I just created simple voltage.sh on my control01 node and used Ansible to distribute it to all.

ansible cube -b -m copy -a "src=/home/ubuntu/voltage.sh dest=/home/ubuntu/voltage.sh"

And then use asnible to run it on all nodes.

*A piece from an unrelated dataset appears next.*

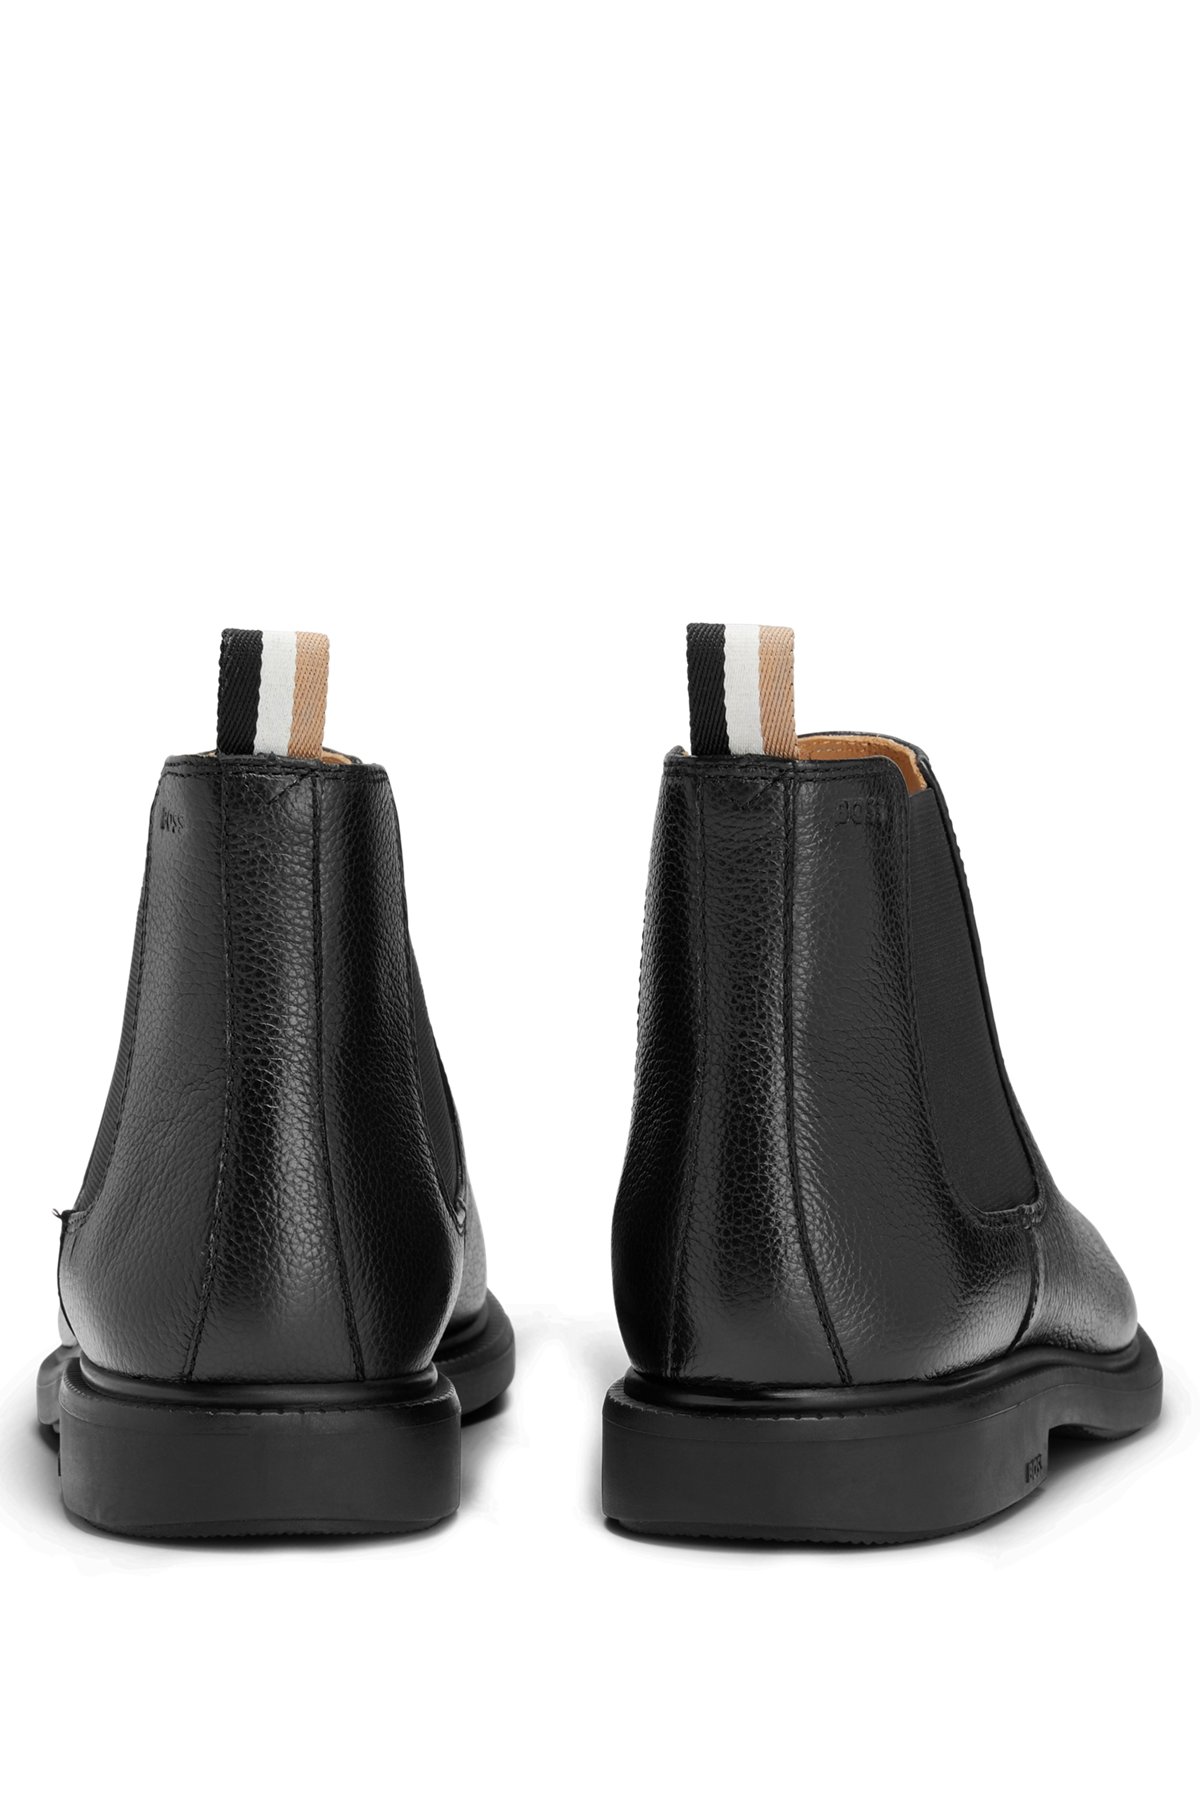 Grained-leather Chelsea boots with logo-trimmed sole, Black

ansible cube -b -m shell -a "bash /home/ubuntu/voltage.sh"

Result

control01 | CHANGED | rc=0 >>
Status: 0x0
Undervolted:
   Now: NO
   Run: NO
Throttled:
   Now: NO
   Run: NO
Frequency Capped:
   Now: NO
   Run: NO
Softlimit:
   Now: NO
   Run: NO
cube02 | CHANGED | rc=0 >>
Status: 0x0
Undervolted:
   Now: NO
   Run: NO
Throttled:
   Now: NO
   Run: NO
Frequency Capped:
   Now: NO
   Run: NO
Softlimit:
   Now: NO
   Run: NO
cube01 | CHANGED | rc=0 >>
Status: 0x0
Undervolted:
   Now: NO
   Run: NO
Throttled:
   Now: NO
   Run: NO
Frequency Capped:
   Now: NO
   Run: NO
Softlimit:
   Now: NO
   Run: NO
control02 | CHANGED | rc=0 >>
Status: 0x0
Undervolted:
   Now: NO
   Run: NO
Throttled:
   Now: NO
   Run: NO
Frequency Capped:
   Now: NO
   Run: NO
Softlimit:
   Now: NO
   Run: NO
control03 | CHANGED | rc=0 >>
Status: 0x0
Undervolted:
   Now: NO
   Run: NO
Throttled:
   Now: NO
   Run: NO
Frequency Capped:
   Now: NO
   Run: NO
Softlimit:
   Now: NO
   Run: NO
cube03 | CHANGED | rc=0 >>
Status: 0x0
Undervolted:
   Now: NO
   Run: NO
Throttled:
   Now: NO
   Run: NO
Frequency Capped:
   Now: NO
   Run: NO
Softlimit:
   Now: NO
   Run: NO
cube04 | CHANGED | rc=0 >>
Status: 0x0
Undervolted:
   Now: NO
   Run: NO
Throttled:
   Now: NO
   Run: NO
Frequency Capped:
   Now: NO
   Run: NO
Softlimit:
   Now: NO
   Run: NO
cube05 | CHANGED | rc=0 >>
Status: 0x0
Undervolted:
   Now: NO
   Run: NO
Throttled:
   Now: NO
   Run: NO
Frequency Capped:
   Now: NO
   Run: NO
Softlimit:
   Now: NO
   Run: NO
cube06 | CHANGED | rc=0 >>
Status: 0x0
Undervolted:
   Now: NO
   Run: NO
Throttled:
   Now: NO
   Run: NO
Frequency Capped:
   Now: NO
   Run: NO
Softlimit:
   Now: NO
   Run: NO

As you can see, no undervoltage or limits are hit, but I had node 05 (cube05) faulty in this manner 2 days ago. The next step is to do some read-write tests, and maybe a cpu load test, and have this script check again.

A possible improvement would be to log directly using syslog, since I have all logs collecting to control01 and that still works when the OS switches to read only mode and I can't log in anymore.